** Exercise directions **
In the entries that follow, find the line containing "Blue Sapphire 1.98"; from there, copy every line exactly through the line containing "(d) lim (12".

● ● ● ● ●

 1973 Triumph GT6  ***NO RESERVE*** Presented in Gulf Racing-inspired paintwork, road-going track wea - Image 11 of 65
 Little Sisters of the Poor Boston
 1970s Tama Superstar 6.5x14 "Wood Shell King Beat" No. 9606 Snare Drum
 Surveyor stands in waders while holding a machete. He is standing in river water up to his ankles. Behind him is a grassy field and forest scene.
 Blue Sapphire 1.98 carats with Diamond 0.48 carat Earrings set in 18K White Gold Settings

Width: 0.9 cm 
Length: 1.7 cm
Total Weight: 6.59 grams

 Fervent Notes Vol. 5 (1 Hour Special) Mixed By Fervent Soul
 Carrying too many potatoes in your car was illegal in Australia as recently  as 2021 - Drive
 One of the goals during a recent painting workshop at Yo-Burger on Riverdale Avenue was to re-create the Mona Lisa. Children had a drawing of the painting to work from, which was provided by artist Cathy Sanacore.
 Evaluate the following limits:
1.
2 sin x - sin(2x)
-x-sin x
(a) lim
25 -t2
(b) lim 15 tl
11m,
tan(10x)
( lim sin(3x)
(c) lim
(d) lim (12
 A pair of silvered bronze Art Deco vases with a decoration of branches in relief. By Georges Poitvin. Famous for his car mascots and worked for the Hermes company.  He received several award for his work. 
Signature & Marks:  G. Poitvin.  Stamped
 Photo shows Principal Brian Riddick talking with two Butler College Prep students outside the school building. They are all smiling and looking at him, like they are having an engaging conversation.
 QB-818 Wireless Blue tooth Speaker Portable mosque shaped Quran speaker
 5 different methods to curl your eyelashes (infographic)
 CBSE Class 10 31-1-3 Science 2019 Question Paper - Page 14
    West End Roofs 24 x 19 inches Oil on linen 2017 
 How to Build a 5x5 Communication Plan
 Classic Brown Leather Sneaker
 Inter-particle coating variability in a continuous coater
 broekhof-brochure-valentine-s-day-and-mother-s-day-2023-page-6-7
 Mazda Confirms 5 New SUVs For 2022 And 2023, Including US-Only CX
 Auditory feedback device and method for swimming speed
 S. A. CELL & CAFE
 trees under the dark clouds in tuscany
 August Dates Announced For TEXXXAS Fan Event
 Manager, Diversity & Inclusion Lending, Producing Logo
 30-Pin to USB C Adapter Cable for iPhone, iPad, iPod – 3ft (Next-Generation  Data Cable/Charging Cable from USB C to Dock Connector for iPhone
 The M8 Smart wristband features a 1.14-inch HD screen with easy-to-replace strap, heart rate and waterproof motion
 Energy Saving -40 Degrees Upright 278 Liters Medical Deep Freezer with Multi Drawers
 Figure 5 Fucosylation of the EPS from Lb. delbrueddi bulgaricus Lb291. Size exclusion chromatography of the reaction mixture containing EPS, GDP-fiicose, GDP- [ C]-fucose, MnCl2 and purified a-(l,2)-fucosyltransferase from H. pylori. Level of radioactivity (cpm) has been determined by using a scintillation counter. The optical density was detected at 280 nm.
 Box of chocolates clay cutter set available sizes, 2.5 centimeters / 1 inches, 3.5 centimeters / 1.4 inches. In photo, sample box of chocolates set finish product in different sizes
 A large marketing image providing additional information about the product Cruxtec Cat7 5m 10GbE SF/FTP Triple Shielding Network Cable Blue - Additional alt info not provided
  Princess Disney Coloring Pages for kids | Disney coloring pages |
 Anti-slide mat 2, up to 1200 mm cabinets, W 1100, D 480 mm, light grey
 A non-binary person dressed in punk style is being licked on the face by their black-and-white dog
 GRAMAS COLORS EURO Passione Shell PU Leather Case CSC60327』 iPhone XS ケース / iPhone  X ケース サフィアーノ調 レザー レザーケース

● ● ● ● ●

** Result of the exercise **
 Blue Sapphire 1.98 carats with Diamond 0.48 carat Earrings set in 18K White Gold Settings

Width: 0.9 cm 
Length: 1.7 cm
Total Weight: 6.59 grams

 Fervent Notes Vol. 5 (1 Hour Special) Mixed By Fervent Soul
 Carrying too many potatoes in your car was illegal in Australia as recently  as 2021 - Drive
 One of the goals during a recent painting workshop at Yo-Burger on Riverdale Avenue was to re-create the Mona Lisa. Children had a drawing of the painting to work from, which was provided by artist Cathy Sanacore.
 Evaluate the following limits:
1.
2 sin x - sin(2x)
-x-sin x
(a) lim
25 -t2
(b) lim 15 tl
11m,
tan(10x)
( lim sin(3x)
(c) lim
(d) lim (12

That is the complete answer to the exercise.